Charles Rathmann is an analyst with IFS North America.
When it comes to enterprise software like enterprise resource planning (ERP) and enterprise asset management (EAM), not every company is created equal.
A manufacturer with predictable, repetitive processes may find a broad spectrum of software offerings that can meet their needs. But some companies, like engineer-to-order manufacturers, engineering procurement and construction contractors and even process manufacturers find their situation so demanding than even tier I ERP products cannot meet them completely.
One area that frequently is left wanting for this latter group is project management. Because ERP came from the world of materials planning for repetitive manufacturing and EAM often amounts to a glorified maintenance work order management system, these applications cannot address the more anecdotal, complex and dynamic requirements of real-time enterprise project management.
At least that has been our experience as we interact with executives at project-centric and asset-intensive companies. And that is also the conclusion of a recent study IFS North America conducted with help from Mint Jutras Principal Analyst Cindy Jutras.
We surveyed more than 200 executives with industrial companies with more than $100 million in annual revenue. We then ran frequencies on the data to identify the companies with more complex, project-centric business models. These companies proved to be:
- Companies engaged in engineer-to-order manufacturing.

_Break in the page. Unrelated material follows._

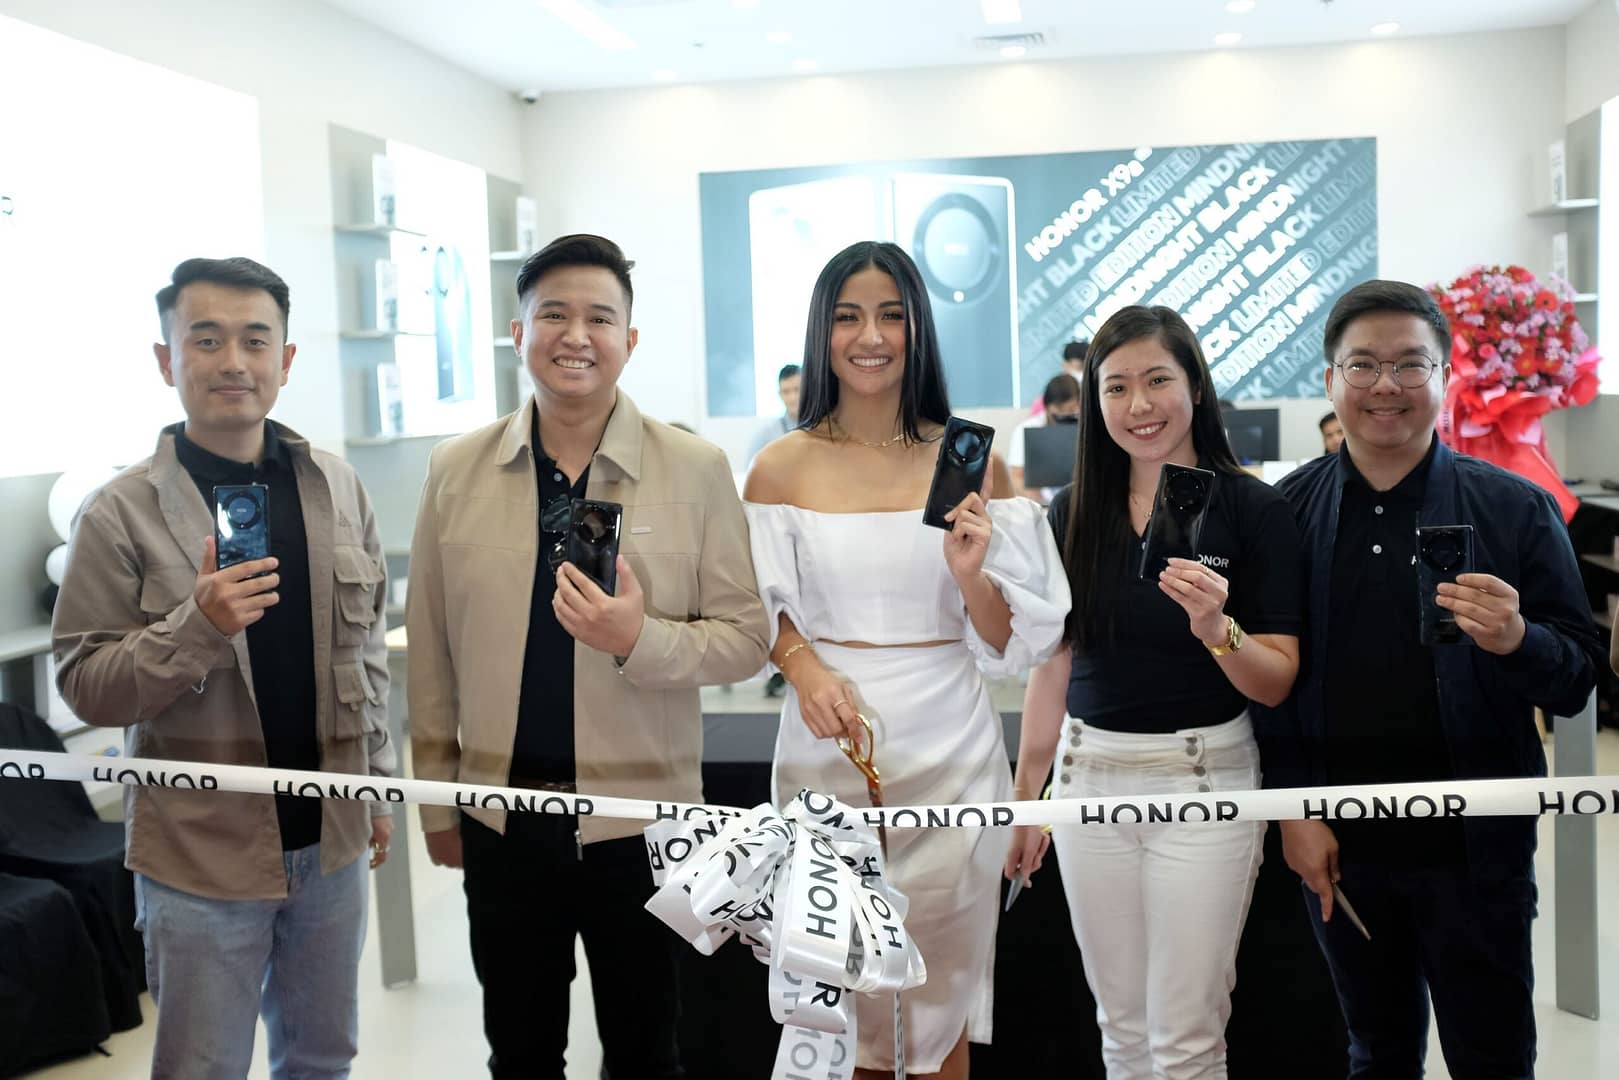 HONOR GTM Manager Steven Yan, HONOR Star Sanya Lopez, Vice President Stephen Cheng, Brand Marketing Manager Joepy Libo-on, and PR Manager Pao Oga

- Companies delivering projects as an engineering, procurement, and construction contractor.
- Those involved in batch process, which would cause them to be involved heavily in enterprise asset management of process manufacturing plants and equipment.
Reviewing the data, it becomes clear that exposure to projects enters an organization in two different ways: Either the company relies on projects as part of its product delivery system or it relies on projects as a way to manage its capital assets.
Engineer-to-order manufacturers and engineering procurement construction contractors are examples of the former. They are involved in short run or one-off projects where the administrative and management overhead costs normally counted as overhead must be accounted for and managed just as aggressively as materials and manufacturing or fabrication costs.
Process manufacturers are an example of the latter. They plan, construct and then maintain process manufacturing plants and equipment to yield a return over a period of years or decades. That entire asset lifecycle may be considered a project that needs to be managed on a macro level. But on a micro level, there are numerous equipment installations, refits, overhauls and plant shutdowns that require aggressive project management to control cost, ensure a successful outcome and limit business disruption.
Many other manufacturers, according to the study, find their product lifecycles are short enough that they, too, are best managed as a project. The conception, engineering, design, prototyping and product launch cycle may come frequently enough that they represent a significant portion of the cost of a given product or product line. Again, project management is required on both the macro and micro levels.
Very few executives in this study reported having substantial integration between project management functionality and their underlying enterprise application, be that ERP, EAM or something else.